Question 1142724
the probability that the spinner will land anywhere on the spinner board is considered to be equal.


since the number 1 space is 25% of the area of the board, then the other numbers, being equally spaced, represent 75% of the area of the board.


you have 6 other numbers.
75% / 6 = 12.5


each of the other numbers takes up 12.5% of the area of the board.
if you split the 1 into 2 spaces, then each one of the number 1's will also take up 12.5% of the board.


it sounds like your method will work.


the numbers on the board are then 1,1,2,3,2,5,4,4.


each of those numbers takes up 12.5% of the area of the board.


4 of the numbers are even and 4 of the numbers are odd.

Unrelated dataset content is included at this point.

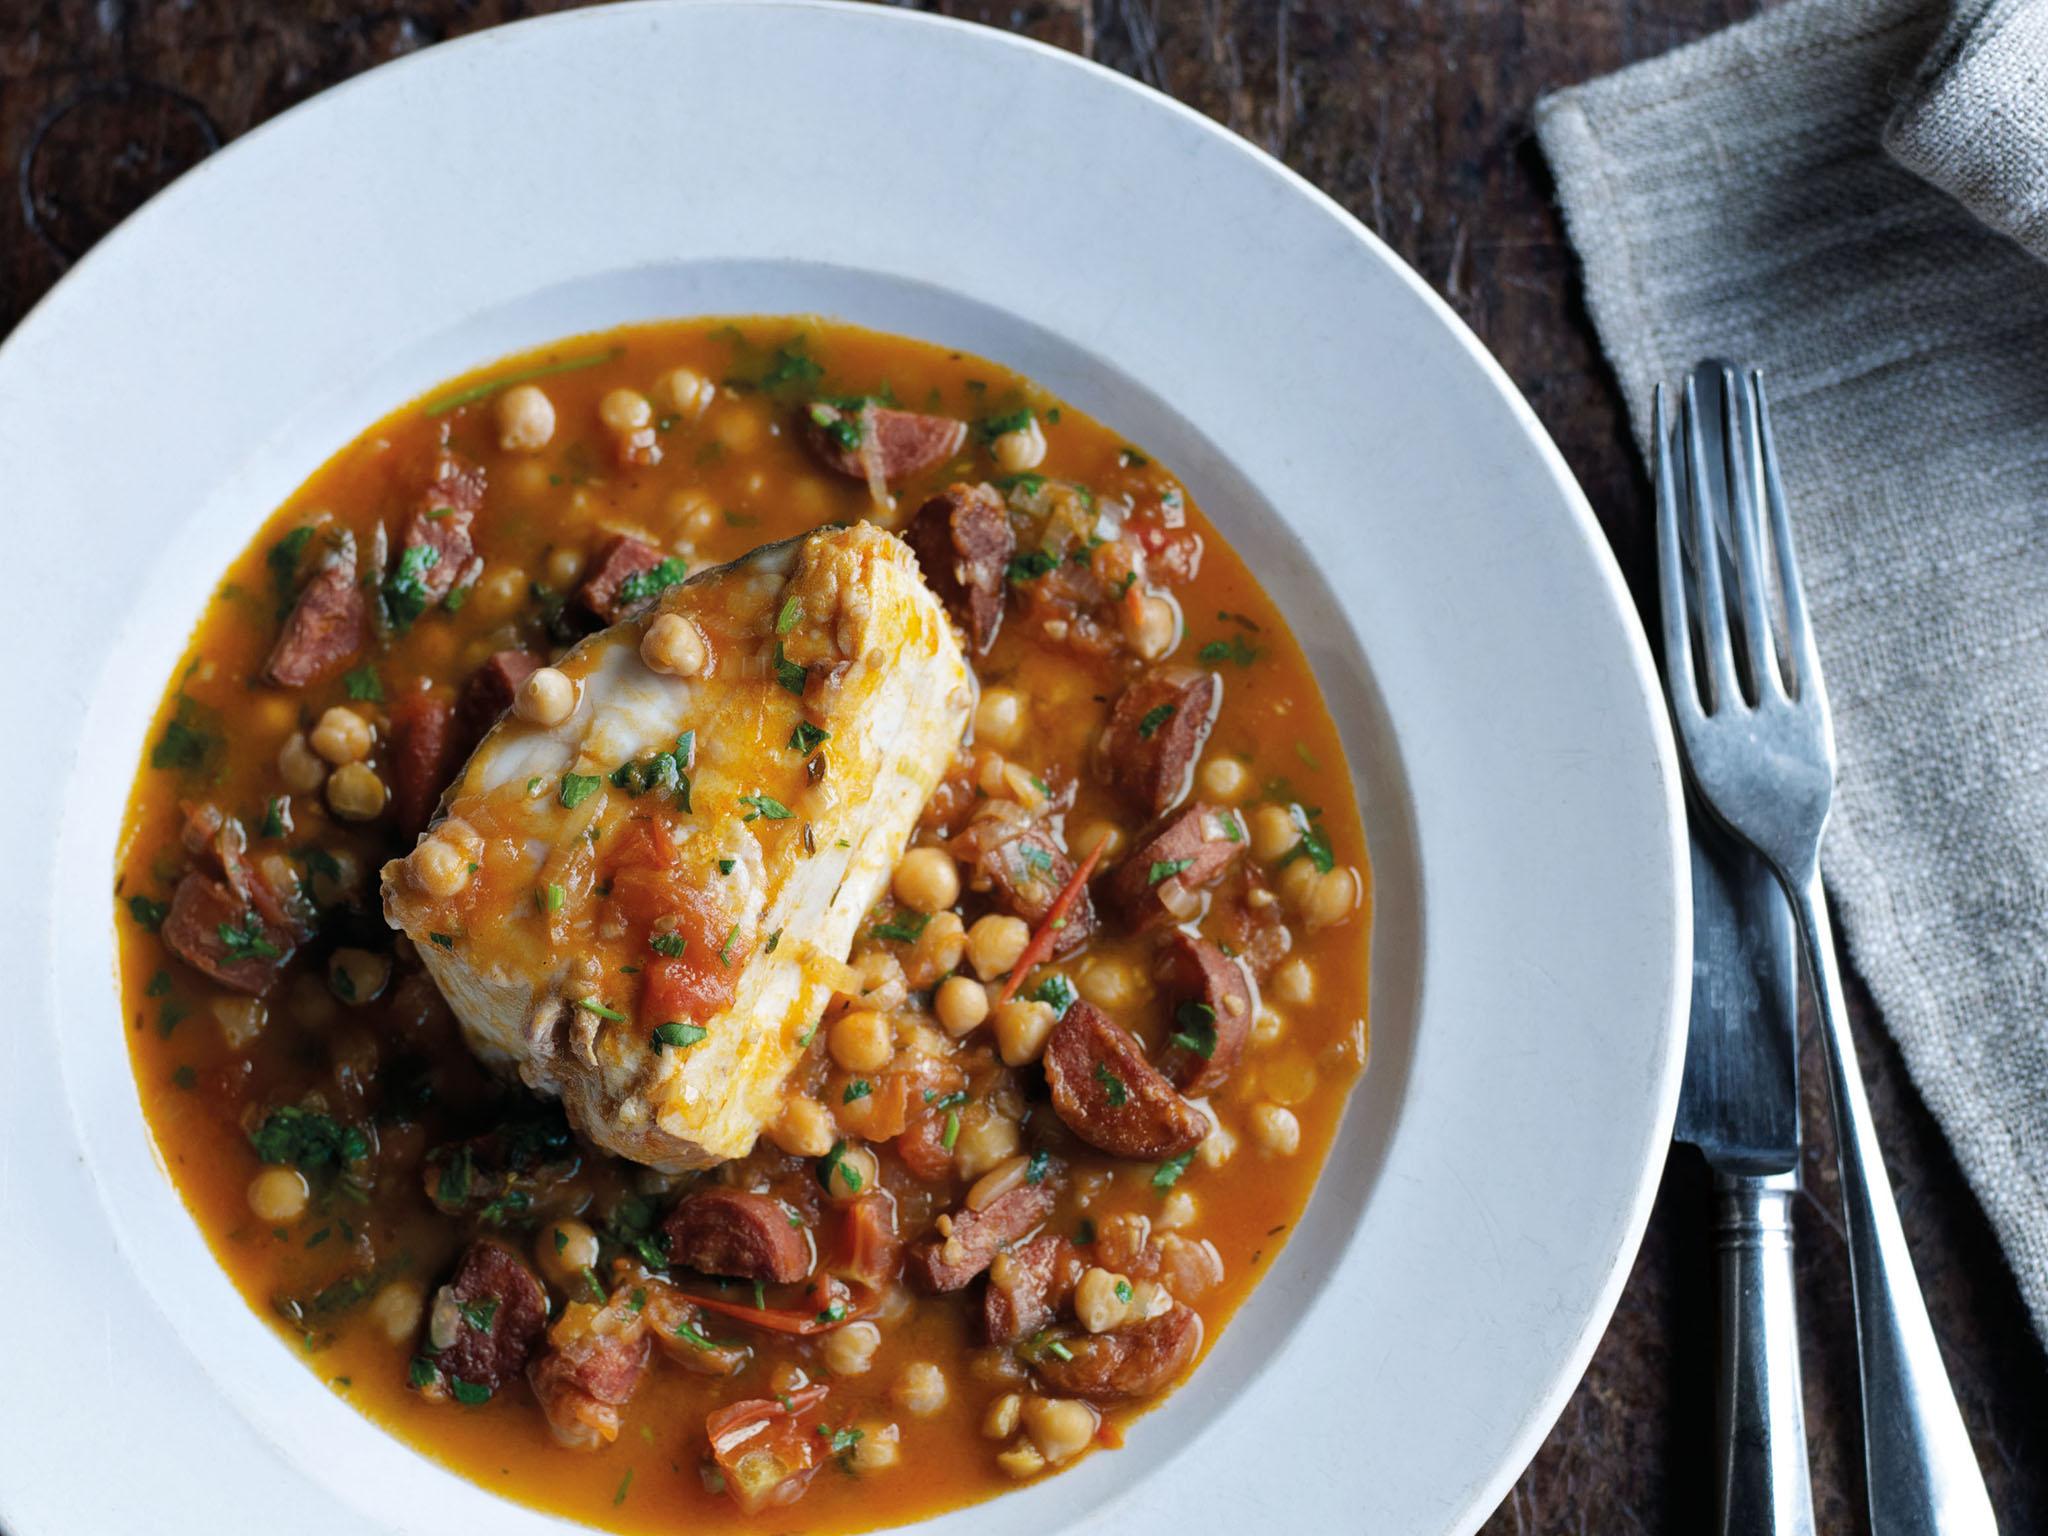 Chick peas and chorizo are an unlikely but brill complement to halibut fillet

the probability that the spinner will land on an even number is therefore 4 / 8 = 50%.


the probability that the spinner will land on an odd number is therefore also 4 / 8 = 50%.


on your first spin, the probability that it will land on an even number is .5.


on your second spin, the probability that it will land on an even number is also .5.


the probability that it will land on an even number both times is therefore .5 * .5 = .25.


there is another way to look at it.


the number 1 takes up 25% of the board space.
the number 3 takes up 12.5% of the board space.
the number 5 takes up 12.5% of the board space.


all the odd numbers take up 50% of the board.
all the even numbers take up 50% of the board.
same probabilities.